WHAT YOU ARE ASKED TO DO —
Below are the records; give again exactly the lines from the one containing "Globant and LALIGA" through the one containing "Girl with rubber", leaving out pictures.

AVAILABLE RECORDS —

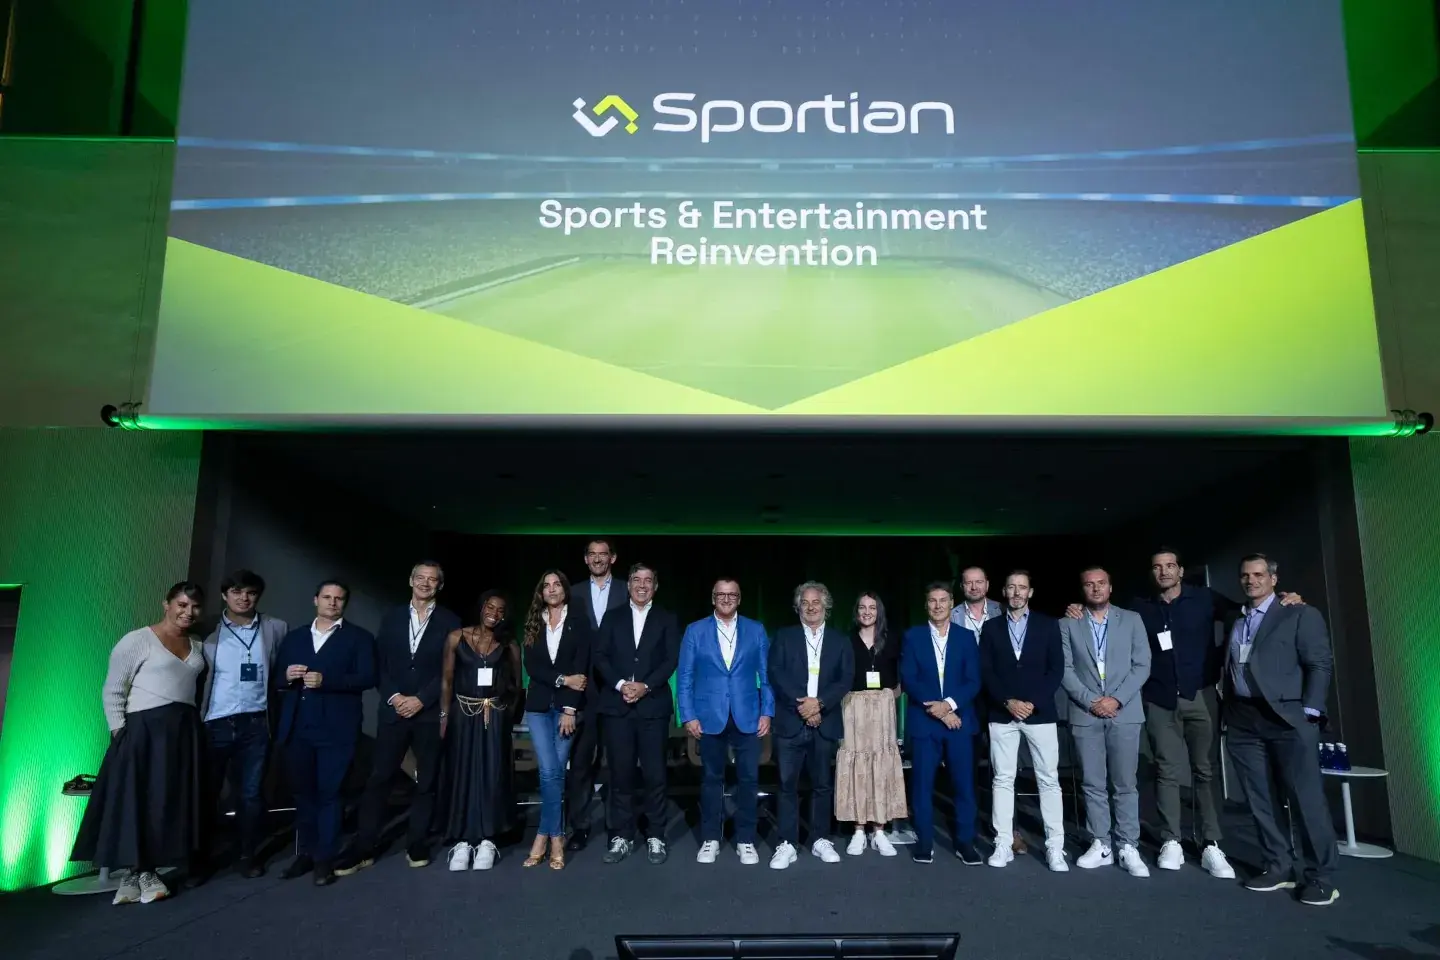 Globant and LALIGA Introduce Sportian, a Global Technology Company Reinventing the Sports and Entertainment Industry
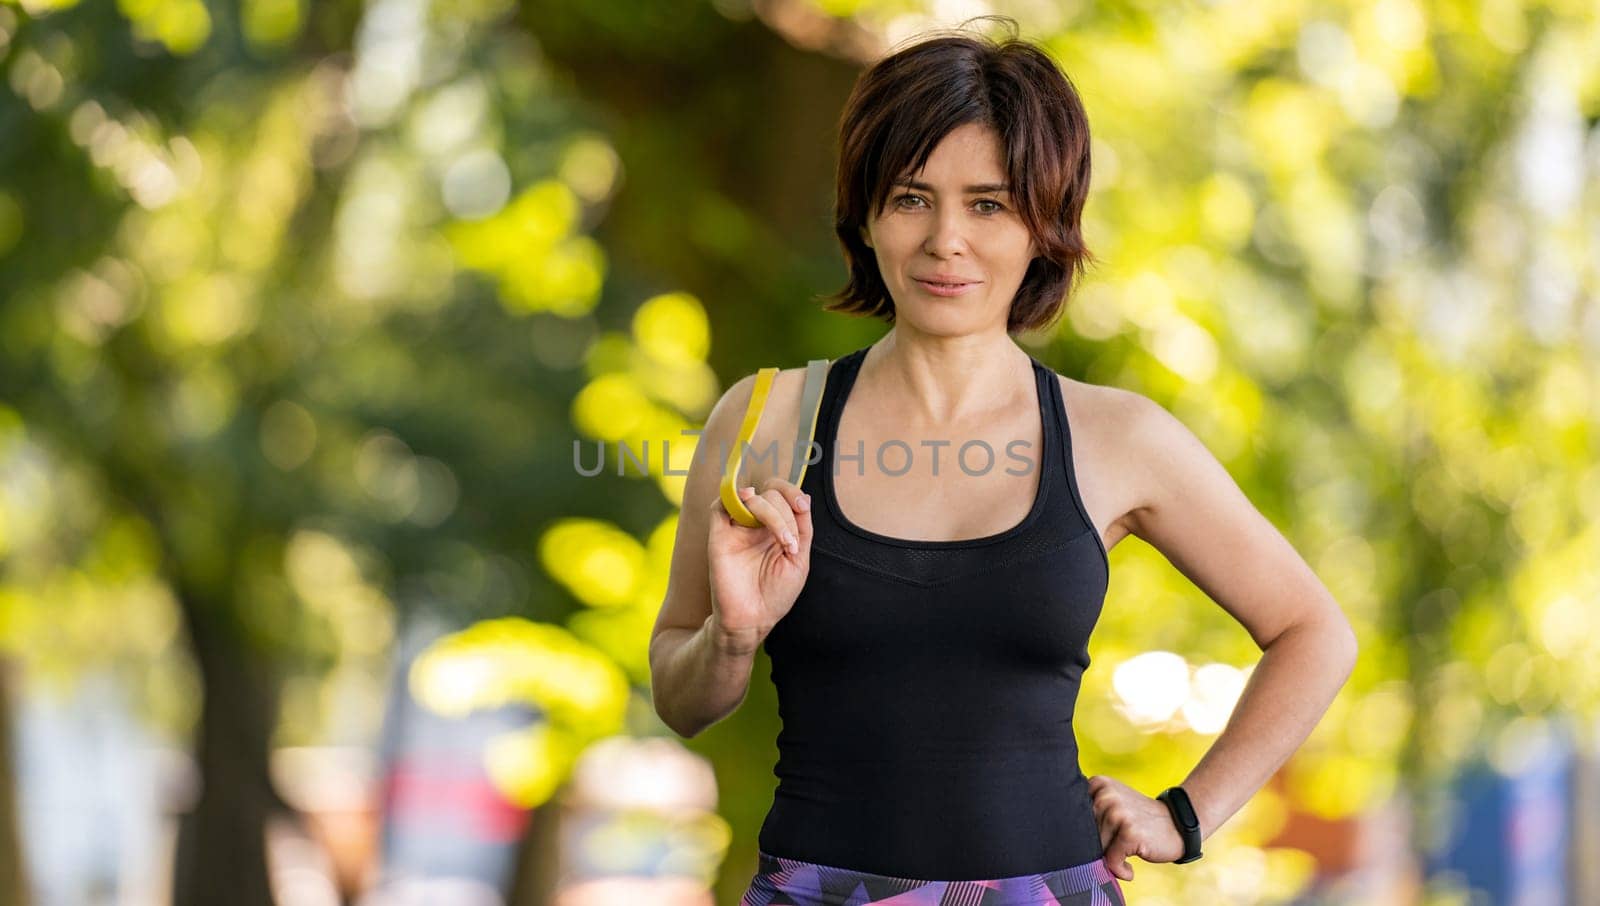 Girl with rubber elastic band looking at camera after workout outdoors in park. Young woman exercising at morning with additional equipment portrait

---

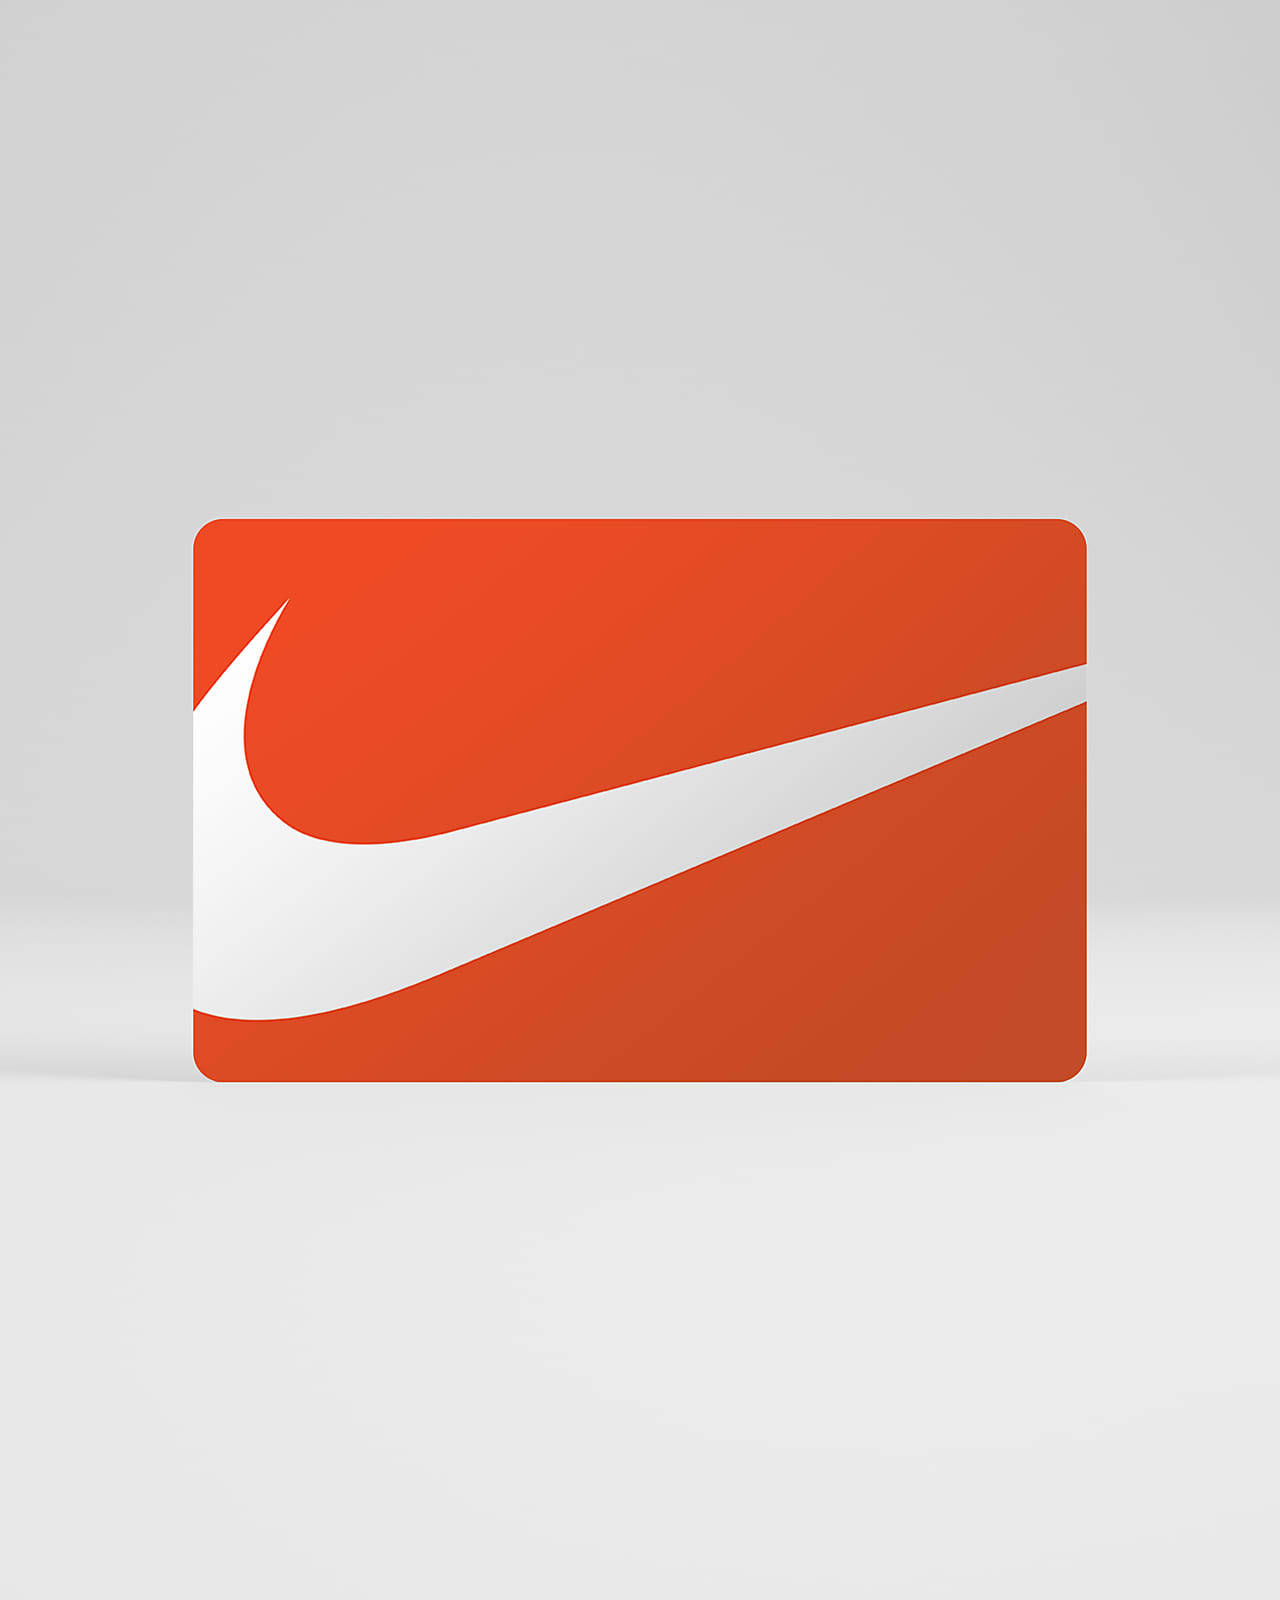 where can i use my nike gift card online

==

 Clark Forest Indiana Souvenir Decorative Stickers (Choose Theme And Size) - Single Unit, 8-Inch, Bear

EXERCISE SOLUTION —
 Globant and LALIGA Introduce Sportian, a Global Technology Company Reinventing the Sports and Entertainment Industry
 Girl with rubber elastic band looking at camera after workout outdoors in park. Young woman exercising at morning with additional equipment portrait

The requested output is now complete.